Neil Cavuto: American's facing steep price hikes on everything from gasoline to Glad bags thanks to Rita and Katrina. Have we been blown all the way back to the hyperinflation of the 1970s?

Jim Rogers: I and everyone watching the show knows that prices are up. And the government is lying to us. Prices are going through the roof.

Ben Stein: There's never been a case of a storm causing massive inflation. We do have commodities driven inflation though.

Charles Payne: I cannot believe that a Fed governor would come out with such an outrageous statement. It's night and day between where we are now and where we were in the 1970s. It was the most irresponsible statement to make. In the 1970s, we had an average of 10 percent inflation every year. We had a real oil crisis back then and we had wages going through the roof. Of course prices are going up but we are so far from 1970s. Here we have the Texas Fed governor turning the stock market into the Alamo.

Gregg Hymowitz: I'm a big believer in global deflation. Can Katrina and other disasters cause temporary inflation scare? Sure, of course. The markets are volatile. I think globalization and deflation will be the bigger issues going forward.

Jim Rogers: But in the meantime prices of commodities have tripled in the last seven years.

Gregg Hymowitz: The prices of some commodities are actually coming down now.

Jim Rogers: Copper is at an all time high. Oil is at an all time high.

Meredith Whitney: Today, the American consumer spends about 3 percent of his wallet on gasoline versus 20 percent in the '70s. You have really large job creation where before you basically had no job creation.

Neil Cavuto: Well, you didn't have great job creation last month.

Meredith Whitney: On a relative basis you can say that job creation has been very strong.

Herman Cain: You can't just look at it on a one-month time frame. Let's talk about what we need to do so that inflation doesn't get out of hand. Yes it's creeping up but it's under control. Here's what we need to do: keep taxes low and Congress has got to stop spending like a broken water main.

Jim Rogers: You're right but it's going to take more than that to stop inflation.

More for Your Money

Neil Cavuto: Stocks that rise along with inflation... will they help you get More For Your Money? Herman, what do you like?

Herman Cain: We are definitely an eat and rise society. So, I like SuperValu (SVU), the largest wholesale food distributor in the world.

Gregg Hymowitz: The only problem is they just announced disappointing sales and slowing trends. So I would stay away from that.

Herman Cain: Gregg, that's short-term.

Charles Payne: I agree with Gregg that inflation won't be a big deal. It's a recession that I'm worried about. If we're talking 1970s inflation, I pick McDonald's (MCD). In the 1970s fast food became ubiquitous. We have two family earners. The whole lifestyle environment for Americans changed. If we see that again I think you'll see fast food chains do very well.

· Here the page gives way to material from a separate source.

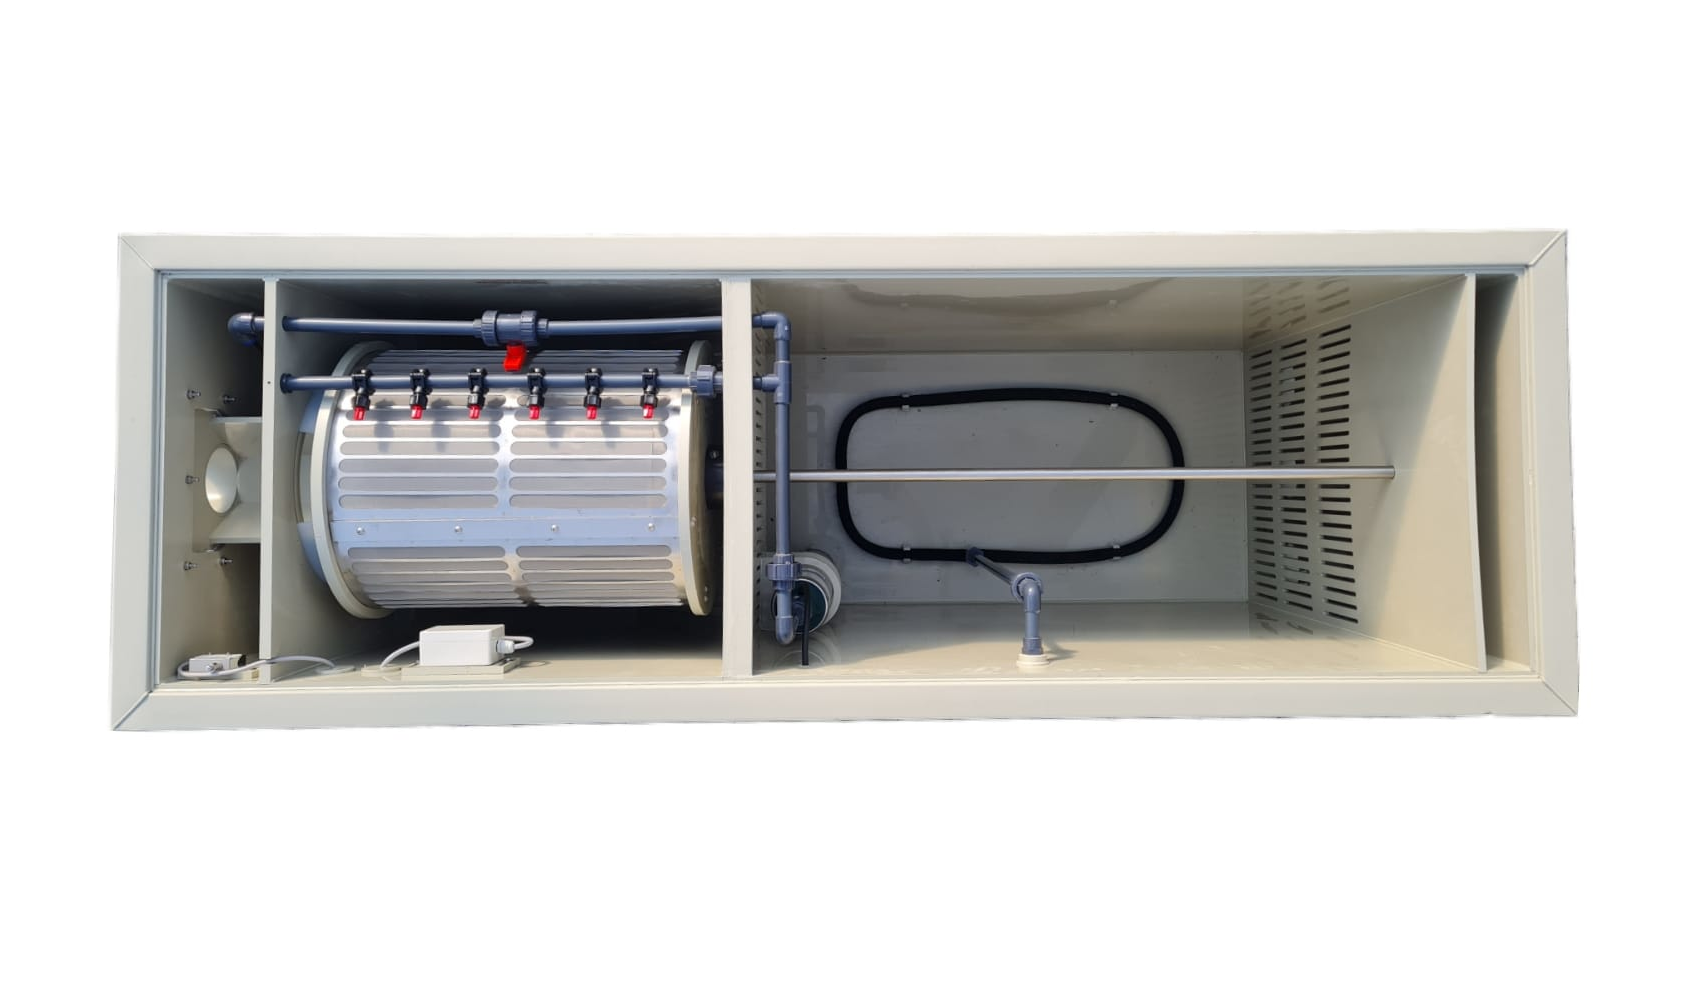 EPS Combi-Trommelfilter CL35 + integrierte Biokammer + Rinnenspülung + Steuerung + Spülpumpe + UV-Schutz + Edelstahlsieb in Sandwichbauweise

Jim Rogers: But this isn't the 1970s and everything McDonald's buys is going to be going up in price. I'd buy commodities.

Ben Stein: I love commodities. I think energy commodities in particular are going to be in short supply. Every productive Chinese worker in the world put together cannot create one more drop of oil. I would go for the iShares Goldman Sachs Commodities Index (IGE). It's heavily weighted towards energy stocks and it's a lovely thing.

Charles Payne: It's a great defensive play. It would've been a great play two years ago but I think if we get one more spike in oil and this is going to pull back.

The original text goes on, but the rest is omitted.